Goldregen (Gold Rain) | |
Type: | Studio Album |
Artist: | La! Neu? |
Cover: | Goldregen1998cover.jpeg |
Released: | 1998 |
Recorded: | 2–31 May 1998 |
Genre: | Krautrock, Ambient |
Label: | Captain Trip Records |
Producer: | Klaus Dinger |
Chronology: | Klaus Dinger |
Prev Title: | Cha Cha 2000 - Live in Tokyo |
Prev Year: | 1998 |
Next Title: | Year of the Tiger |
Next Year: | 1998 |
Goldregen (Gold Rain) is the third album released in 1998 by German band La! Neu?. Like the previous year's Zeeland, Goldregen takes the form of a series of spontaneous jams, quickly recorded and mastered. Unlike Zeeland, Goldregen is entirely acoustic, containing only piano, violin, harmonium, drums and vocals. Unlike most other albums released by Klaus Dinger it is quiet and meditative rather than aggressive or abrasive; its low key and low-fi values arguable align it with ambient music.
The album title is a play on words.

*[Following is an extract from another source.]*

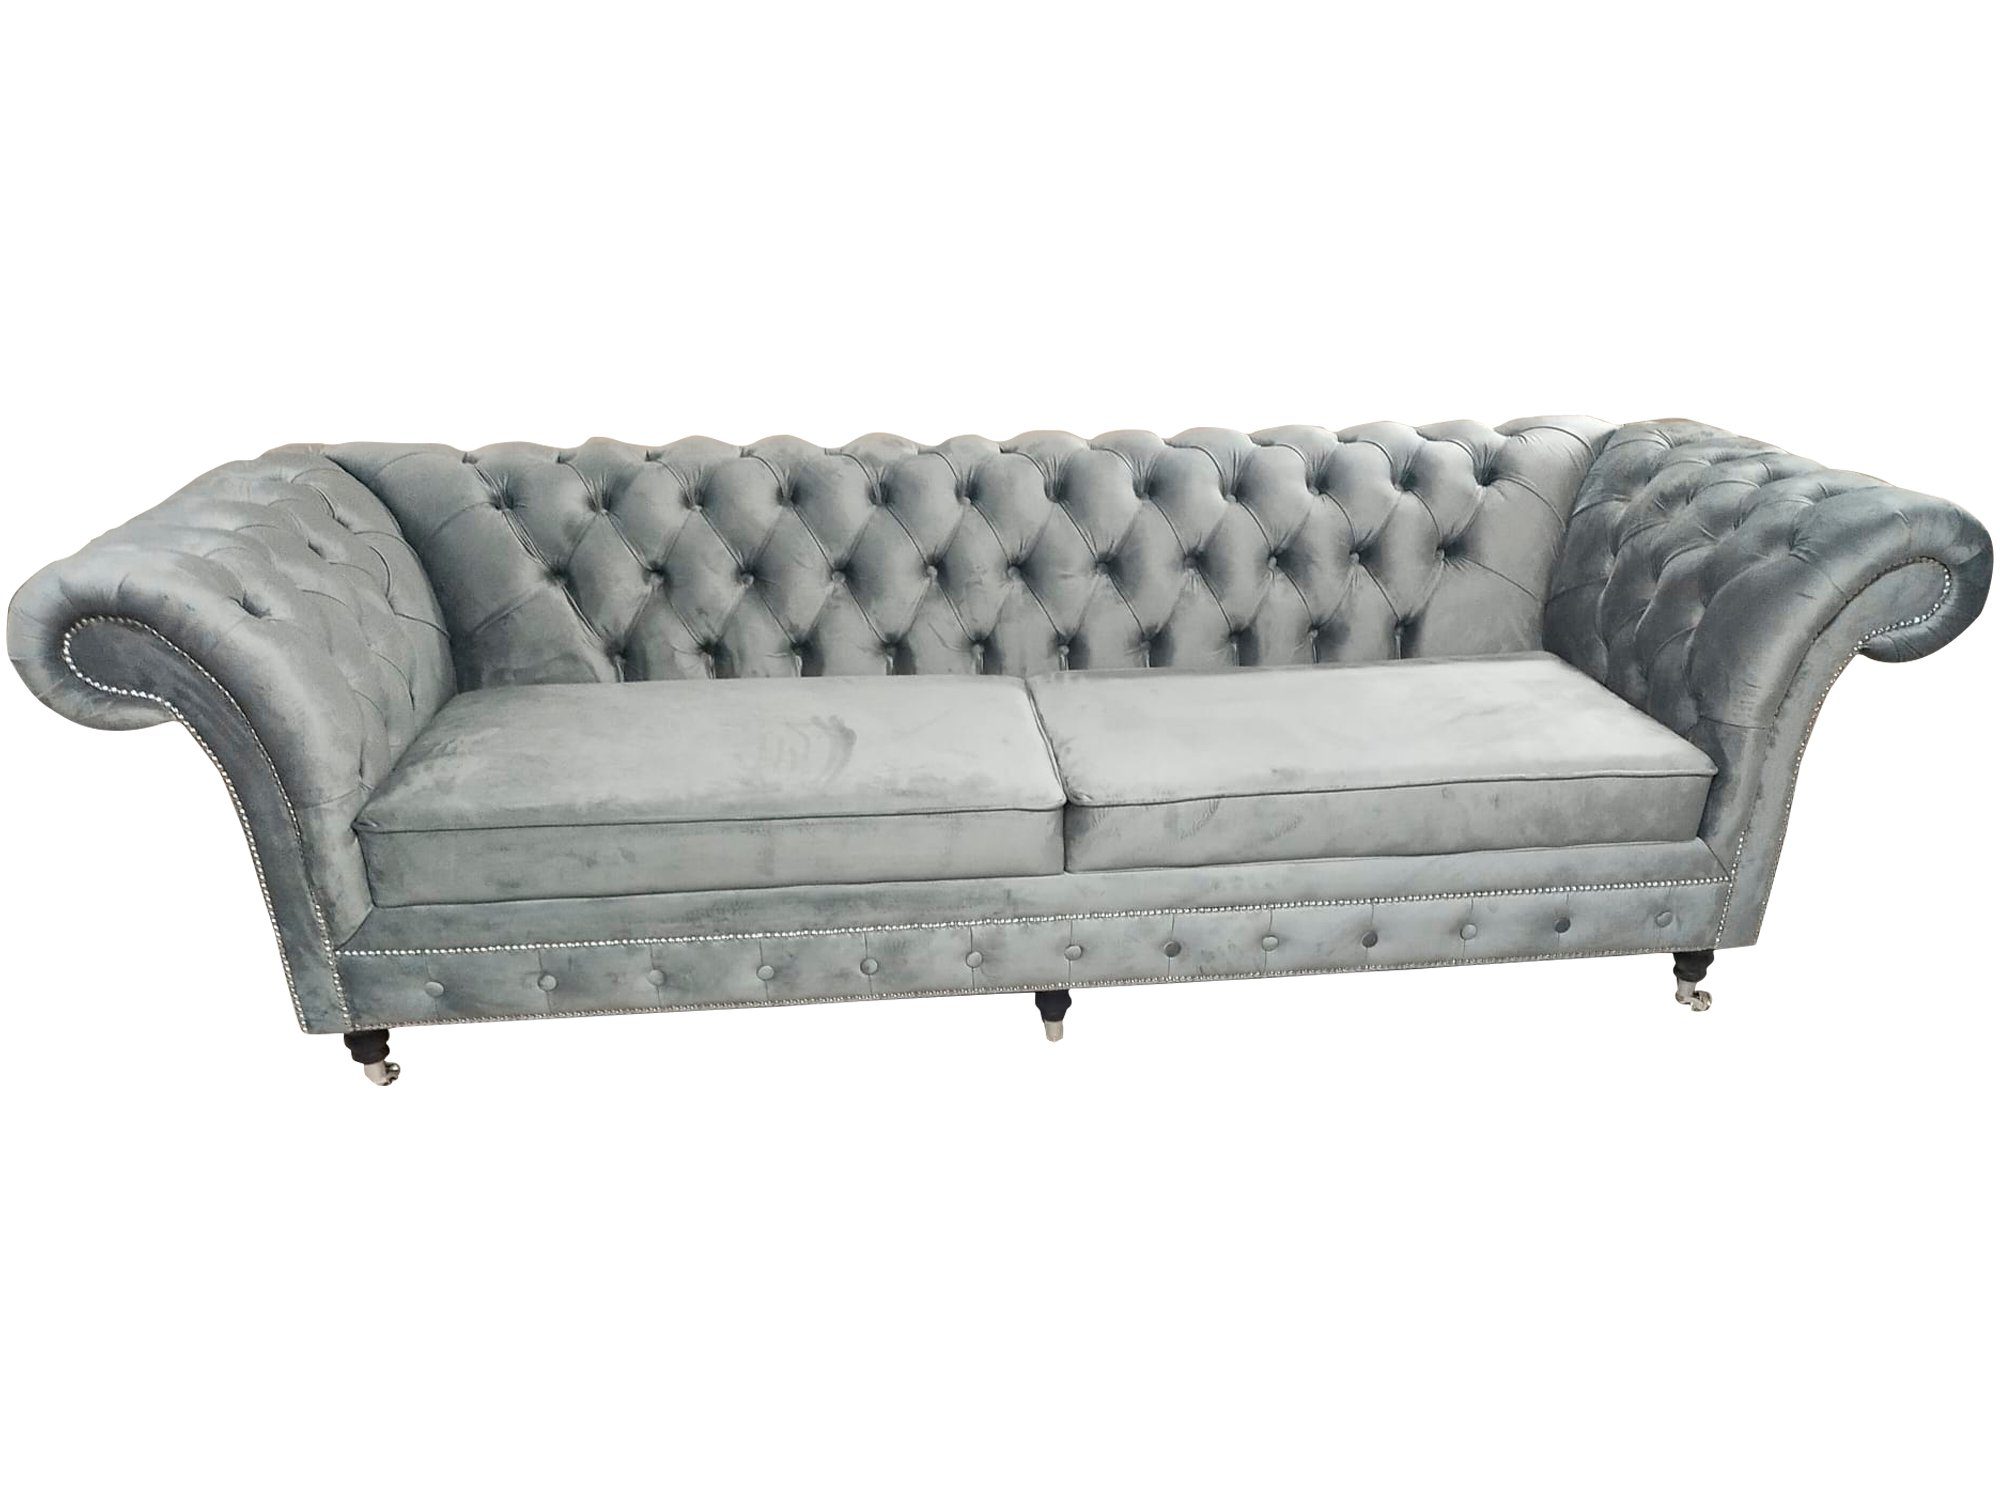 Textil Sofas Stoff Sitzer Polster JVmoebel Sofa, 3 Couch Chesterfield Couchen Sofa

The cover painting depicts a laburnum plant, which in German is called goldregen. Klaus Dinger's grand piano was made by a company called "Goldregen".[1]

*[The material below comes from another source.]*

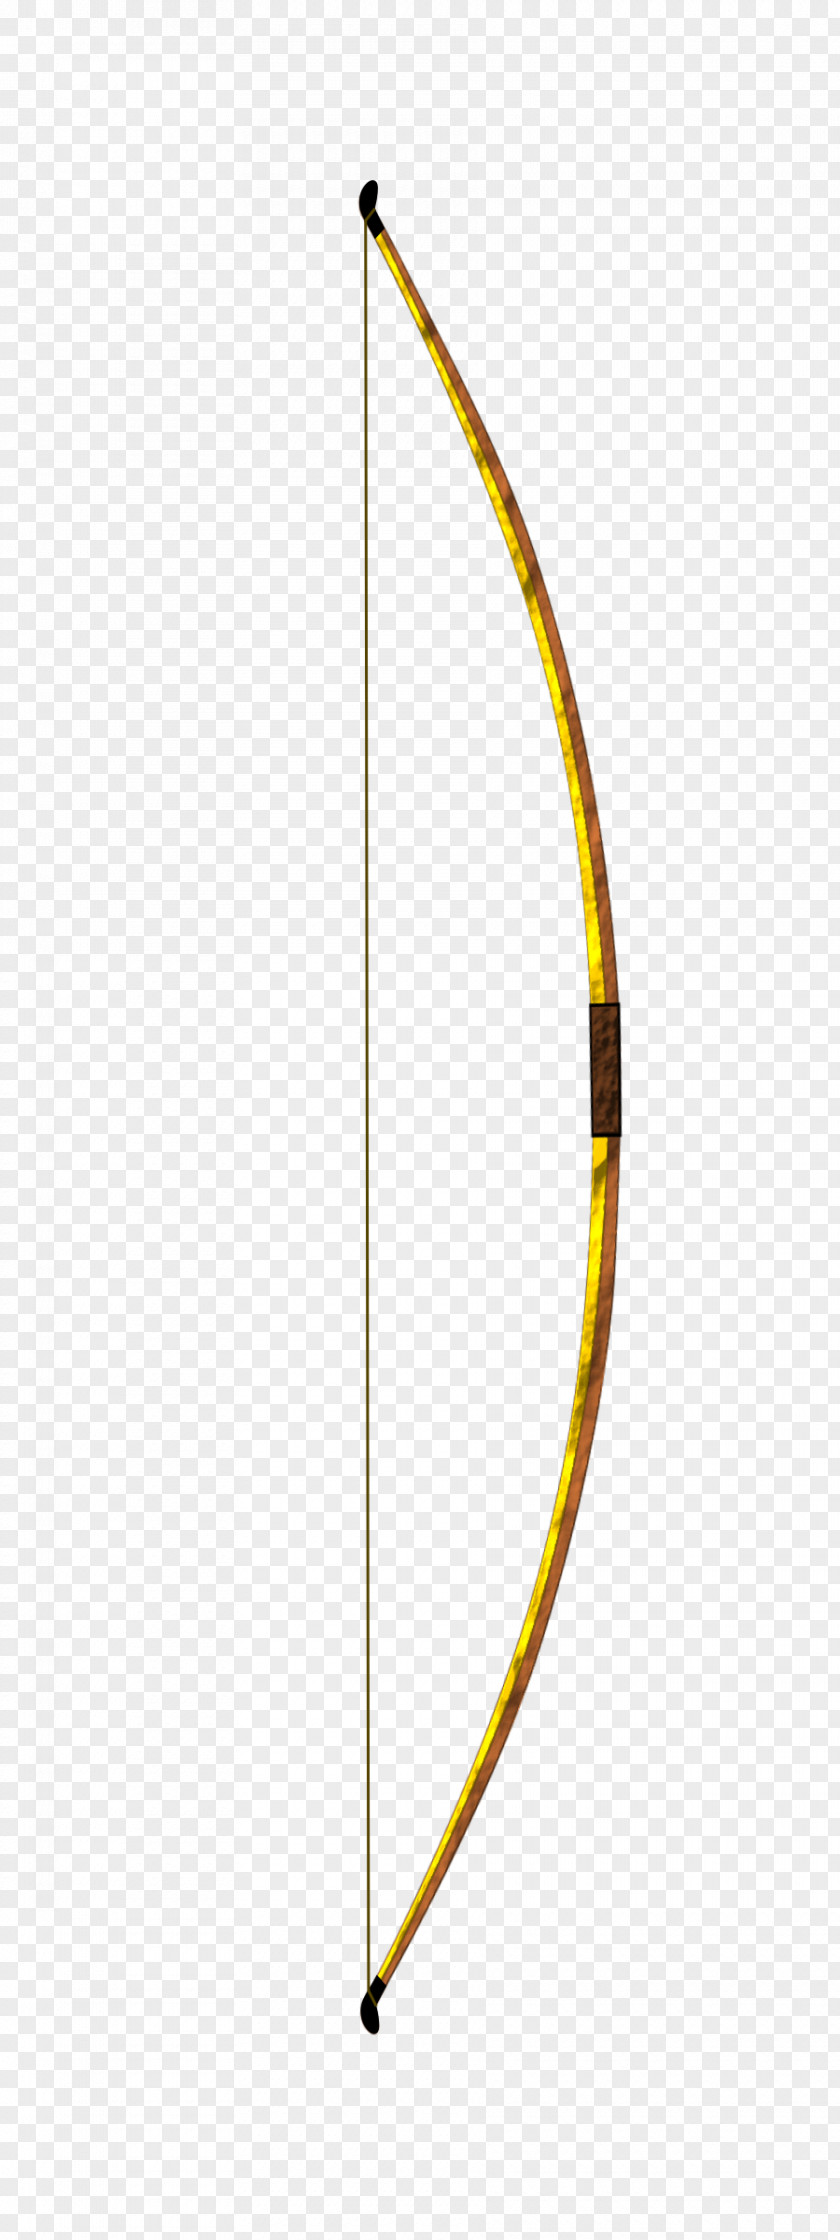 Bow And Arrow English Longbow Archery Clip Art PNG

Recording began on 2 May 1998 at Klaus Dinger's studio in Düsseldorf, starting with the album's opener "Zeeland Wunderbar"; the only track to have been written before sessions began. It features Klaus Dinger's mother Renate on vocals and is a light-hearted, humorous track about life in Zeeland. On 27 May, Klaus and Victoria Wehrmeister convened in Dinger's Dutch studio to create three harmonium based tracks (which close the album), whilst Rembrandt Lensink and Thomas Dinger finalised "Zeeland Wunderbar" in Düsseldorf. Four days later the whole band met up in Düsseldorf to record tracks 2-9.

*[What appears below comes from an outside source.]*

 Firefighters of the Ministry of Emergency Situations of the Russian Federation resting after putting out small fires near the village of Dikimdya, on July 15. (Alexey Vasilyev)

Goldregen was the first musical collaboration between the Dinger brothers since 1983; a product of their 1997 reunion following a long and bitter legal battle over the rights to La Düsseldorf. Klaus described Goldregen as a "family album".[2] Despite this he also expressed regret that Andreas Reihse had not been able to join the sessions (due to commitments with Kreidler).
Klaus cited his musical influences for the record as including John Cale's Music for a New Society, the "almost sacred atmosphere"[3] of that album being something he consciously tried to recreate on Goldregen.